→ What you should do:
Your response to the data below should hold nothing except the lines from the one containing "Care Bear Good Luck Bear 22cm Soft Toy" down to the one containing "Découvrez ORGANIC Café", reproduced exactly and without pictures.

→ Study material:

_ _ _ _ _

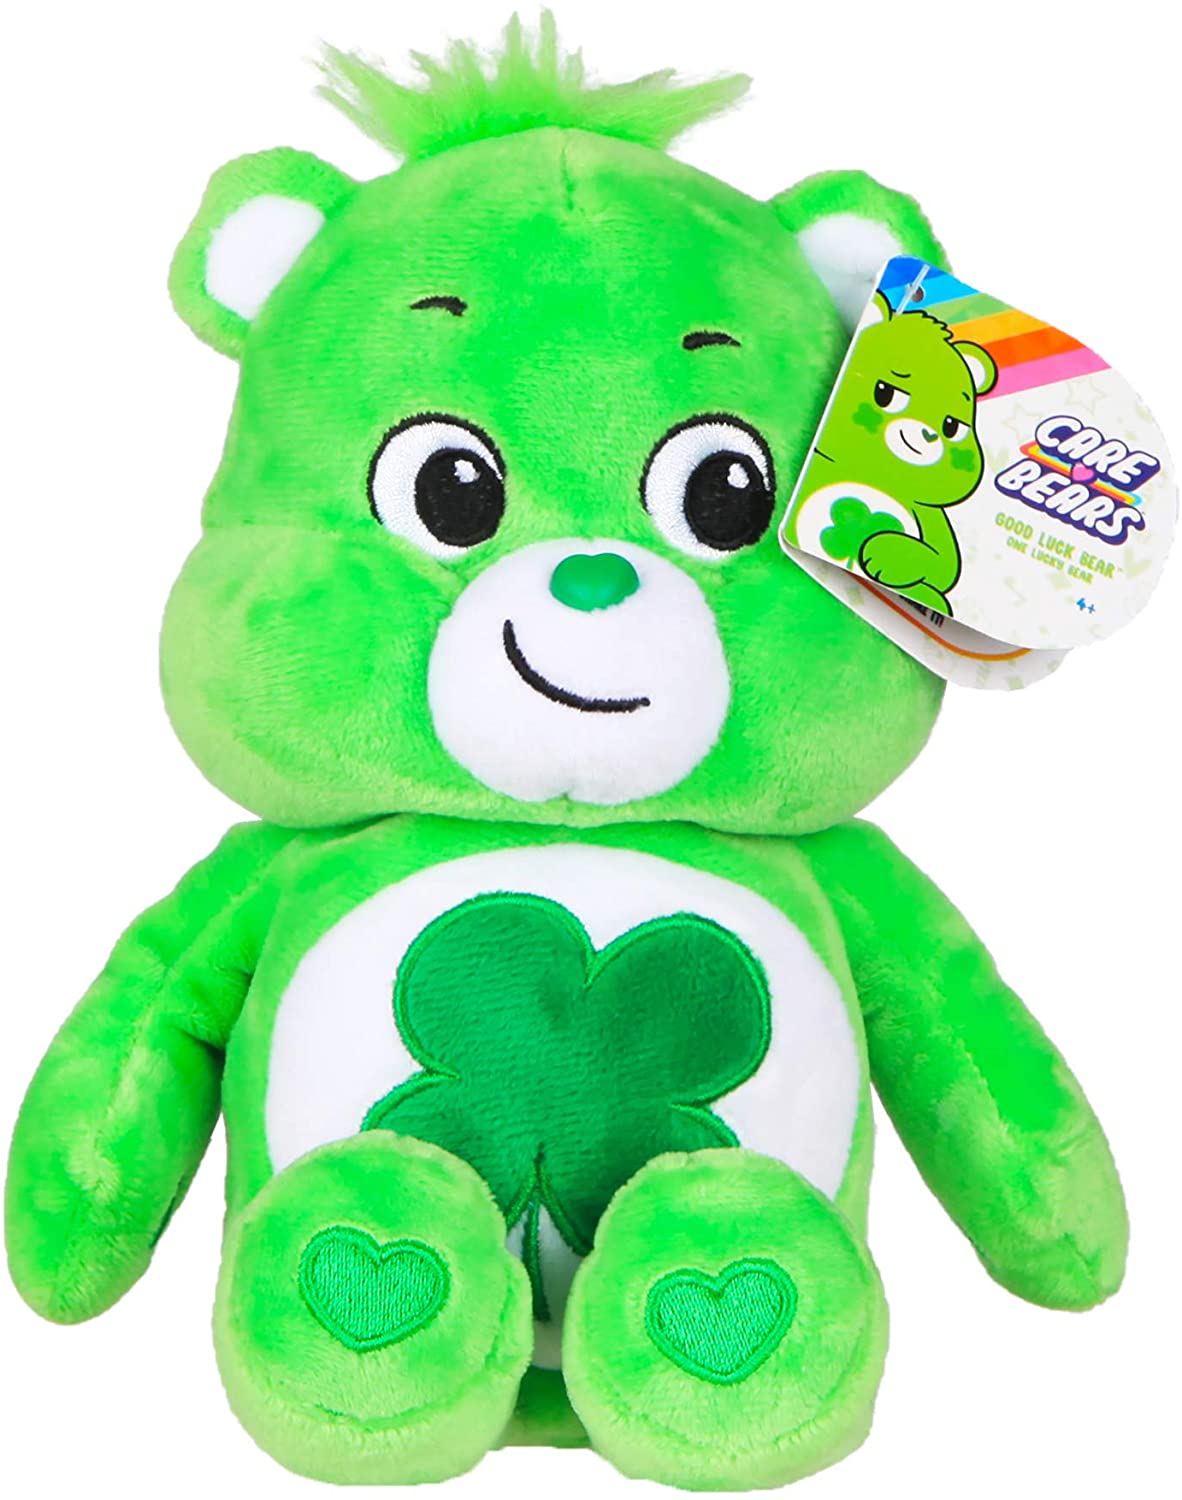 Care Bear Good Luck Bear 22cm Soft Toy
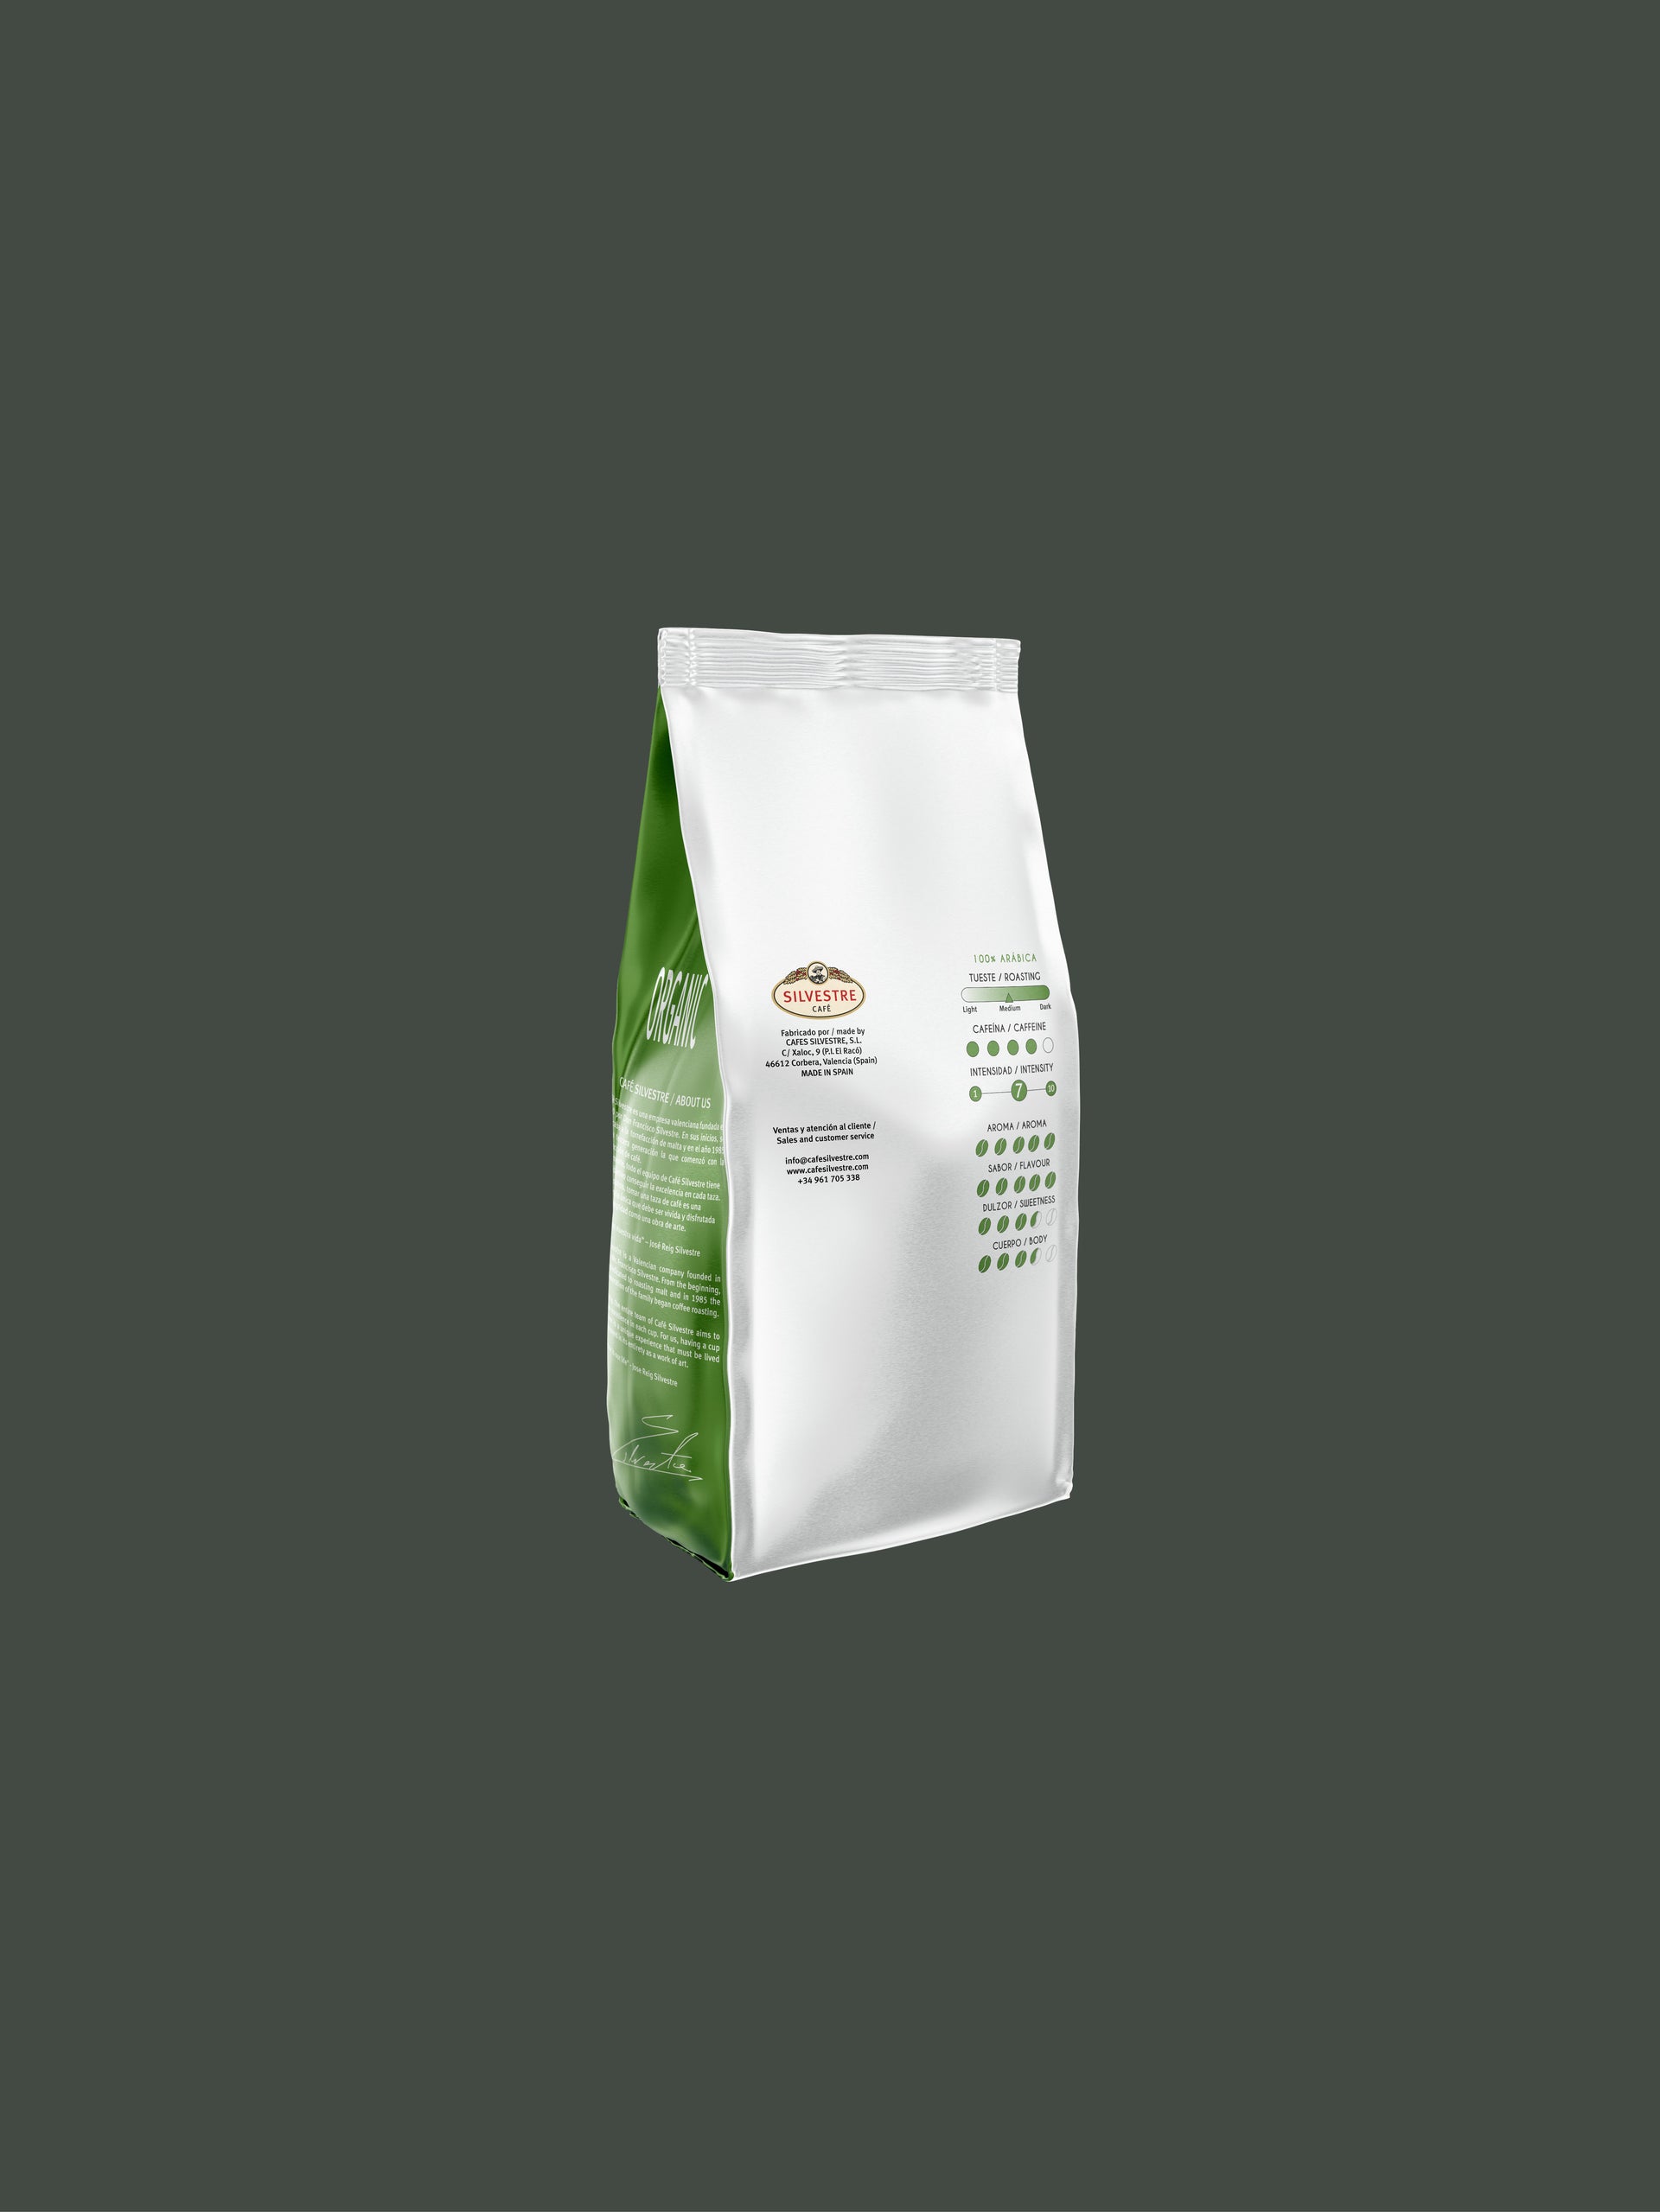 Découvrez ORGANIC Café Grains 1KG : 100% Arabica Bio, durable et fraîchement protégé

_ _ _ _ _

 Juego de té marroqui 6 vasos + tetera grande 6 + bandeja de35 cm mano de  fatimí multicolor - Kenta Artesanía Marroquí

_ _ _ _ _

→ Exercise output:
 Care Bear Good Luck Bear 22cm Soft Toy
 Découvrez ORGANIC Café Grains 1KG : 100% Arabica Bio, durable et fraîchement protégé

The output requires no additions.